What the CJEU in Cadbury actually does is not to propose the use of an additional justification as wrongly understood by some analysts, but the paragraph 56 (same as paragraph 75 in Case C-524/04, cited above), which makes reference to paragraph 49 of Marks & Spencer, only has a descriptively comparative value. The transfer of losses from a high tax jurisdiction is comparable in regard of its effect with the transfer of profits to a low tax jurisdiction. Legally speaking the two situations are nonetheless not directly comparable. A Member State is free to derogate from its own tax rules in order to give tax benefits to all taxpayers situated in comparable situations, but it is not free to impose obligations on non-residents outside the room of the two golden principles for determining tax jurisdiction: residence and territoriality.

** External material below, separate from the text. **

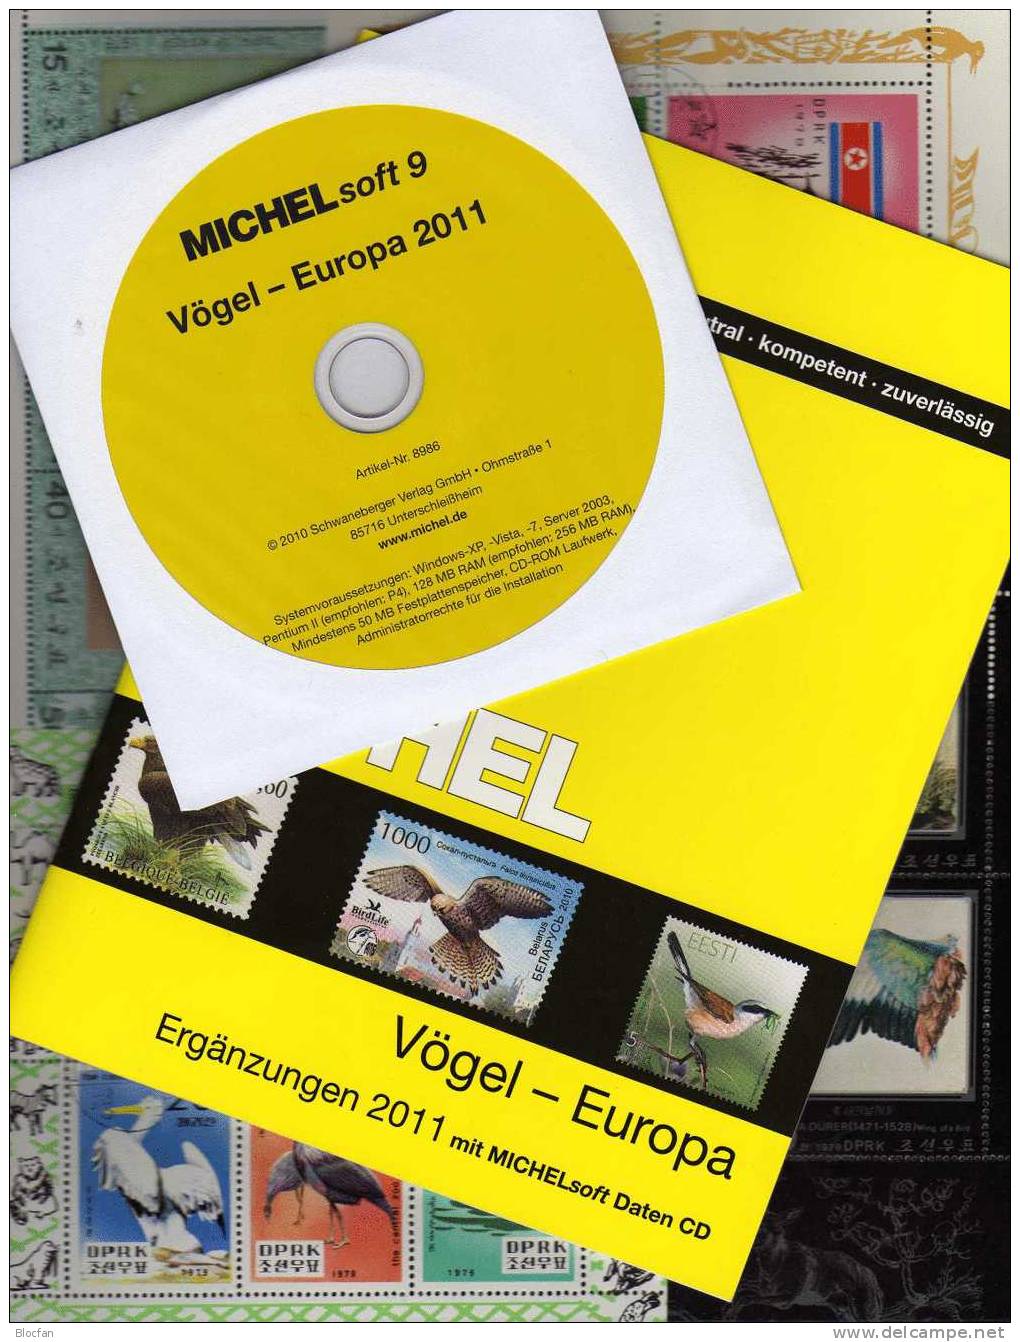 MlCHEL Vögel Europa Katalog Ergänzung 2011 Neu 50€ Mit CD-Rom Birds Special Catalogue In The Pocket - Thématiques

In her Opinion of 23 October 2014 to Commission v UK, Case C 172/13, AG Kokott pointed out that despite the various formulations, the CJEU jurisprudence relies on the distinction between resident and non-resident subsidiaries with regard to the allocation of the power to impose taxes between Member States and acknowledges that a non-resident can become subject to tax only in exceptional cases. In this sense, Cadbury is a ruling with a narrow scope and therefore I have also placed it in a distinct category (section B).
“[A company’s non-resident subsidiaries] are subject to tax in the State in which the parent company is established solely on the basis of their domestic activity and, if appropriate, in the context of exceptional add-back taxation with a view to combatting abuse” .
In the OECD/G20 Designing Effective Controlled Foreign Company Rules, Action 3 – 2015 Final Report, one can read a concise examination of Cadbury and a series of recommended solutions for the CFC design. This examination is flawed, since it evokes the rulings in Oy AA and SGI submitting that they would be directly linked to Cadbury with the effect of (“arguably”) narrowing the stringency of Cadbury.
The closest one can come to Cadbury is maybe Nordea Bank Danmark, where a branch (permanent establishment in Sweden) is transformed into a subsidiary and Denmark, the country where the parent company resides for tax purposes, intended to deny the deduction of losses incurred before the named transformation, making it conditional on the inclusion of profits obtained in subsequent years in the calculation of taxable income of – at this time – non-resident subsidiary. The profits made by that establishment before its transfer and those resulting from the gain made upon the transfer shall be matched with the losses, according to the principle of symmetry between the right to tax profits and the right to deduct losses.
“…if a CFC rule treats domestic subsidiaries the same as cross-border subsidiaries, it arguably should not be treated as discriminatory under the case law of the ECJ, and no justification is needed.”[p. 18]
Aristotle (384-322 B.C.) enlightened that justice entails treating equals equally and treating unequals unequally. A CFC rule that treats resident subsidiaries and non-resident subsidiaries equally would infer an equal treatment of unequals and the same conclusion can be read even from the jurisprudence of the CJEU.